The answer is $2|n$ ?

Please ignore this post. I commited a mistake. Thanks @below for a correct solution.

Answer is actually $3|n(n+1)$ and $2|n$. We can prove this by considering the number of unit segments in whole $n\times n$ and the number of unit segments on one side of $n\times n$ square. We have that the unit segments on the border of $n\times n$ square are all contained on diagonals of triangles therefore $2|n$. Now since each triangle has exactly $3$ unit segments and the whole square has $2n(n+1)$ we have that $3|2n(n+1)$. Now to construct an example.

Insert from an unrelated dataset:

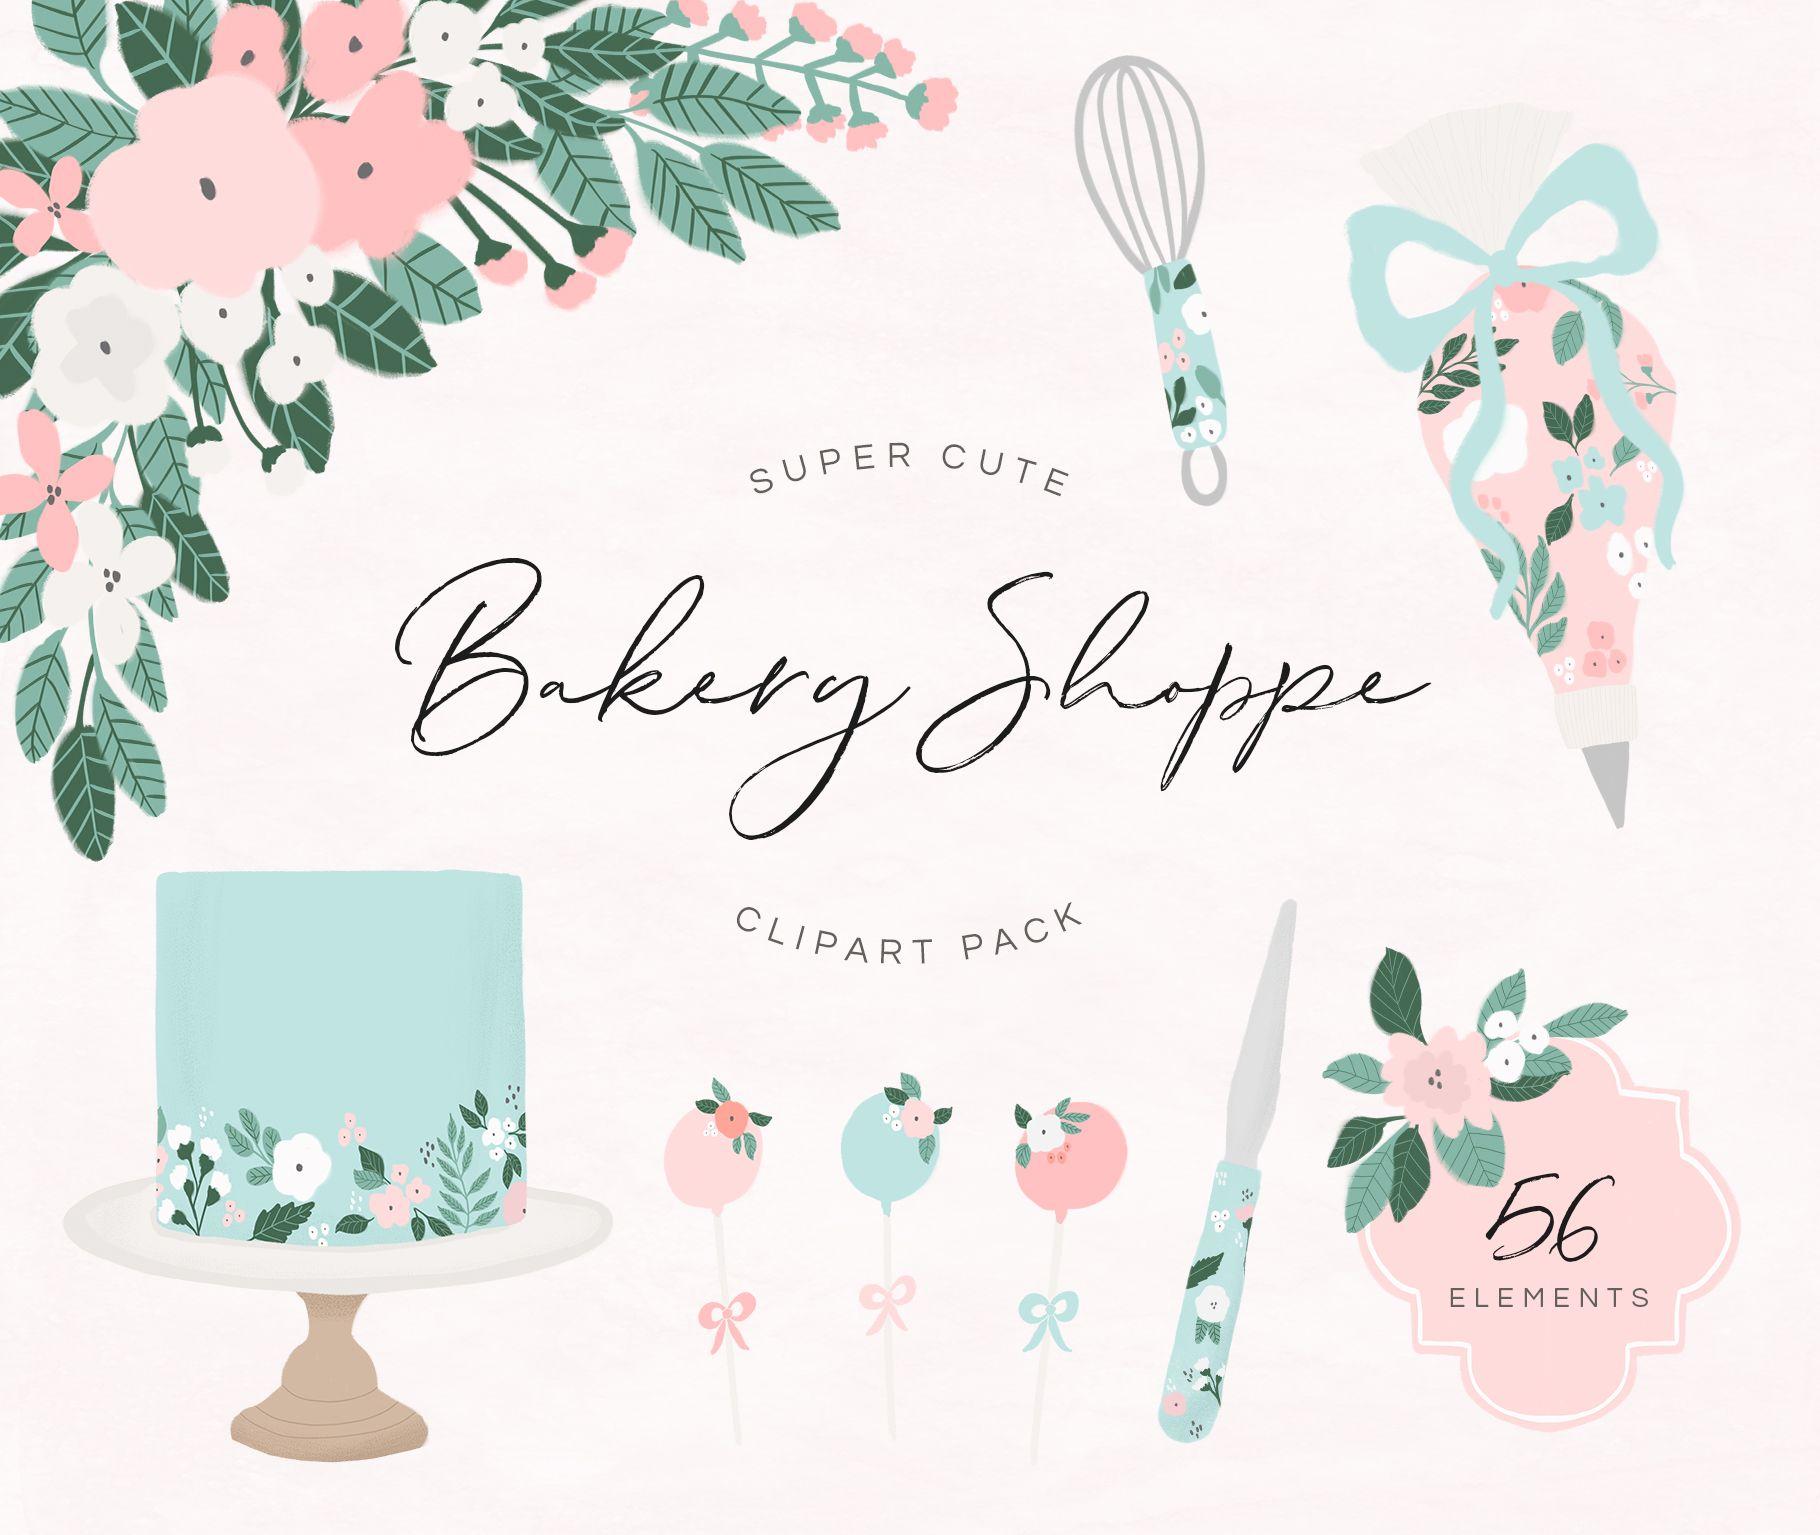 Bakery Clipart Pack Clip art, Cake logo design, Blossom

For $2\times 2$ just take four triangles.For $6\times 6$ take $5$ $2\times2$'s and place then one on each corner and one in center and fill the rest with triangles pointing in the same direction, that is four blocks of size $2\times 2$ . Now for induction step of $n\times n $ to $(n+6)\times(n+6)$ take one $nxn$ four blocks of triangles pointing in same direction of size $2\times(n+2)$ and one $(n+6)\times (n+6)- (n+5)\times (n+5)$ filled with triangles. They make $(n+6)\times(n+6)$ and every unit segment is in exactly one of triangles.Therefore we can construct example for all $n=6k+2$ or $n=6k$.